How to use the power series of $e^x$ to find the derivative of $e^x$?

Question

I am currently reading Roger Penrose's The Road to Reality and in the book, the author poses various problems with three different levels of difficultly easy, hard and really hard, according to the author this is easy. The problem I am looking at is as follows:

Using the power series of $e^x$ show that $de^x = e^x \, dx$

I have no idea as to how to tackle this problem.

If someone could provide some key points to solving the problem that would be great.
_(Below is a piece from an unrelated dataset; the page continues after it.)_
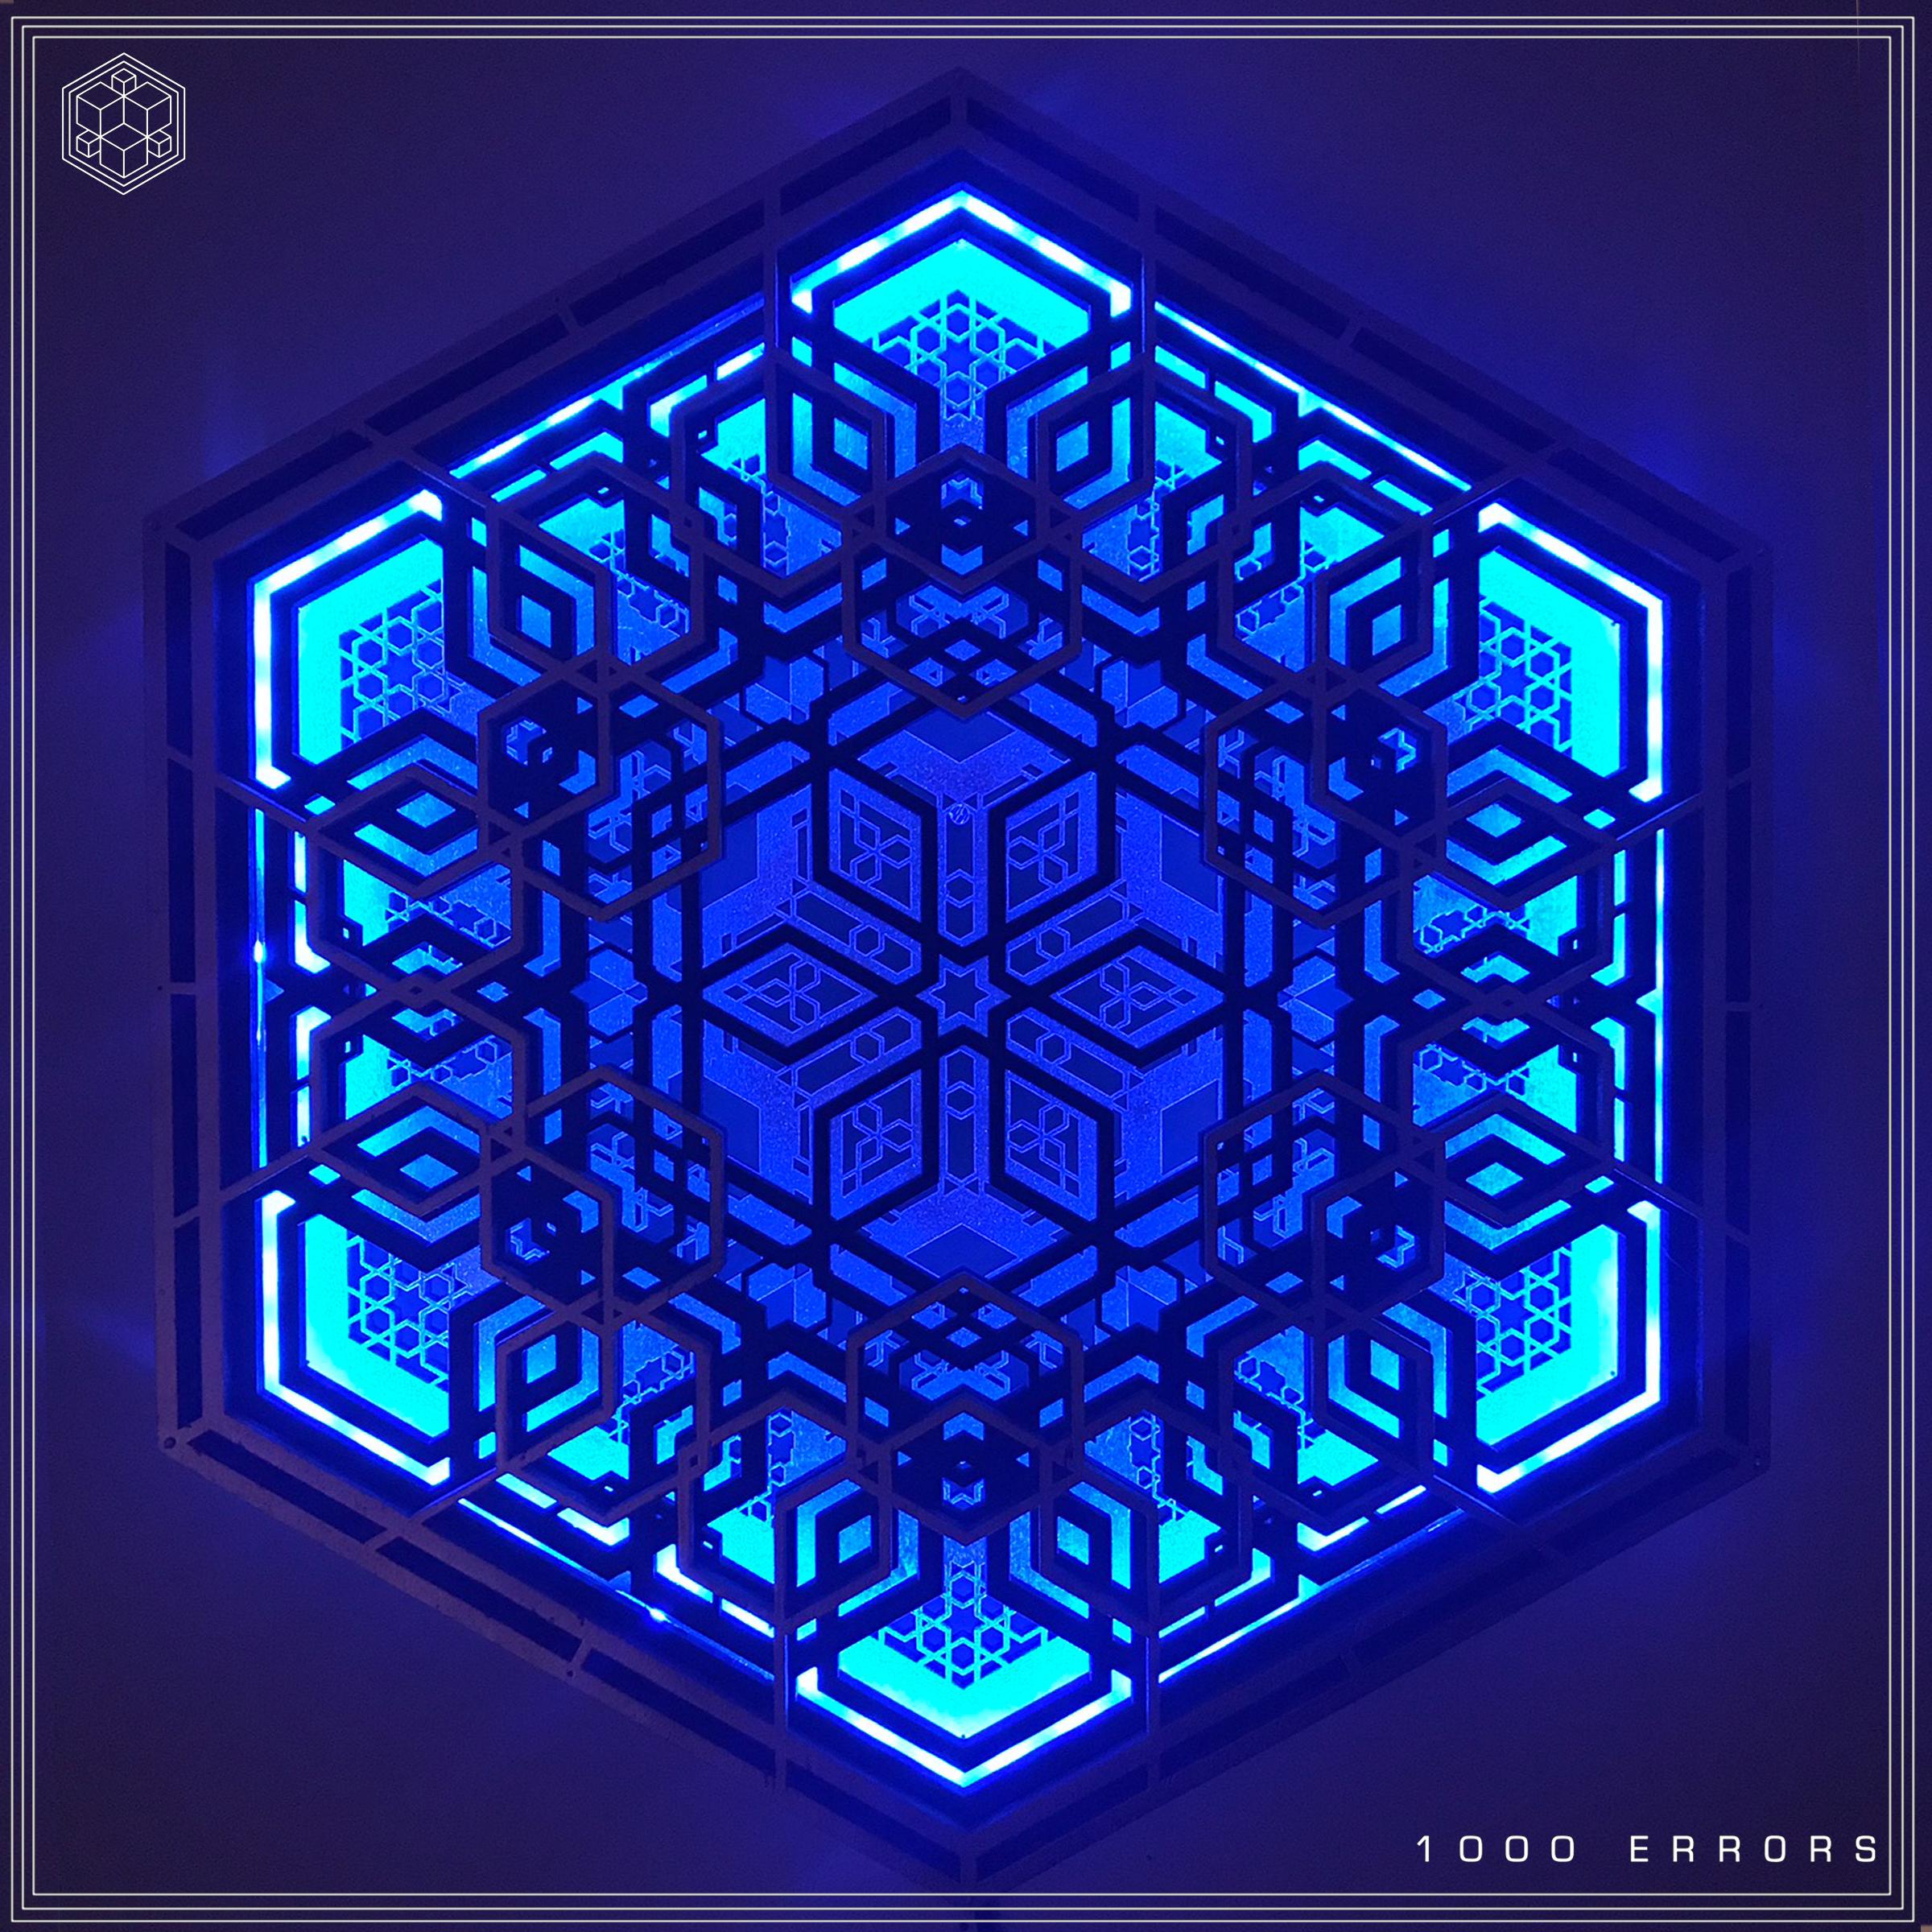 Geometric, wood, woodwork, cnc, cad, maya, rhino, procedural, generative, geometry, sacred,hexagon, platonic, solid, psy, psychedelic, art, clock, shop, buy, sale, store, discount,metaphysical, spiritual, new48 .jpg

Please do not provide the full steps, just key ideas or things to note.

Thanks!

EDIT:

I believe I understand this now because when you take the derivative of a power series you can do it term by term. The power series for $e^x$ is:

$$e^x = \sum_{i=0}^\infty \frac{x^n}{n!}$$

But more expanded it looks like this:

$$e^x = 1 + \frac{x}{1!} + \frac{x^2}{2!} + \frac{x^3}{3!} +\ldots $$

If the derivative of each term then I get: $0 + 1 + x + \frac{x^2}{2} + \ldots$ So in essence, I'm coming back to the original series. Therefore, the derivatives are the same.

Answer 1

The power series representation of $e^x$ is $$ e^x = \sum_{i=0}^{\infty} \frac{x^n}{n!} $$ When you take the derivative of a power series you can do it term by term: $$\begin{align} \frac{d}{dx}e^x &= \frac{d}{dx}\sum_{i=0}^{\infty} \frac{x^n}{n!} \\ &= \sum_{i=0}^{\infty} \frac{d}{dx}\frac{x^n}{n!} \\ &= \sum_{i=1}^{\infty}\frac{x^{n-1}}{(n-1)!} \end{align} $$ This is the same as $e^x$ (think about it).

To add a bit more detail. Remember that there is a rule that says that $$ \frac{d}{dx} x^n = nx^{n-1}. $$ You for example have that $$ \frac{d}{dx} x^2 = 2x \quad\quad\frac{d}{dx} x^3 = 3x^2. $$ So in the above we have used that $$\frac{d}{dx}\frac{x^n}{n!} =\frac{1}{n!} \frac{d}{dx} x^n = \frac{1}{n!}nx^{n-1} = \frac{n}{n\cdot(n-1)!}x^{n-1} = \frac{x^{n-1}}{(n-1)!}. $$

Answer 2

Just write it out,

$$e^x=\sum_{n\ge 0}\frac{x^n}{n!}=1+x+\frac{x^2}{2!}+\frac{x^3}{3!}+\ldots\;,$$

and differentiate it term by term. What’s the derivative of $\dfrac{x^n}{n!}$?

Answer 3

If you are having trouble to visualize this series with sum notation, just write down term by term and derive them. Doing this you will get the idea.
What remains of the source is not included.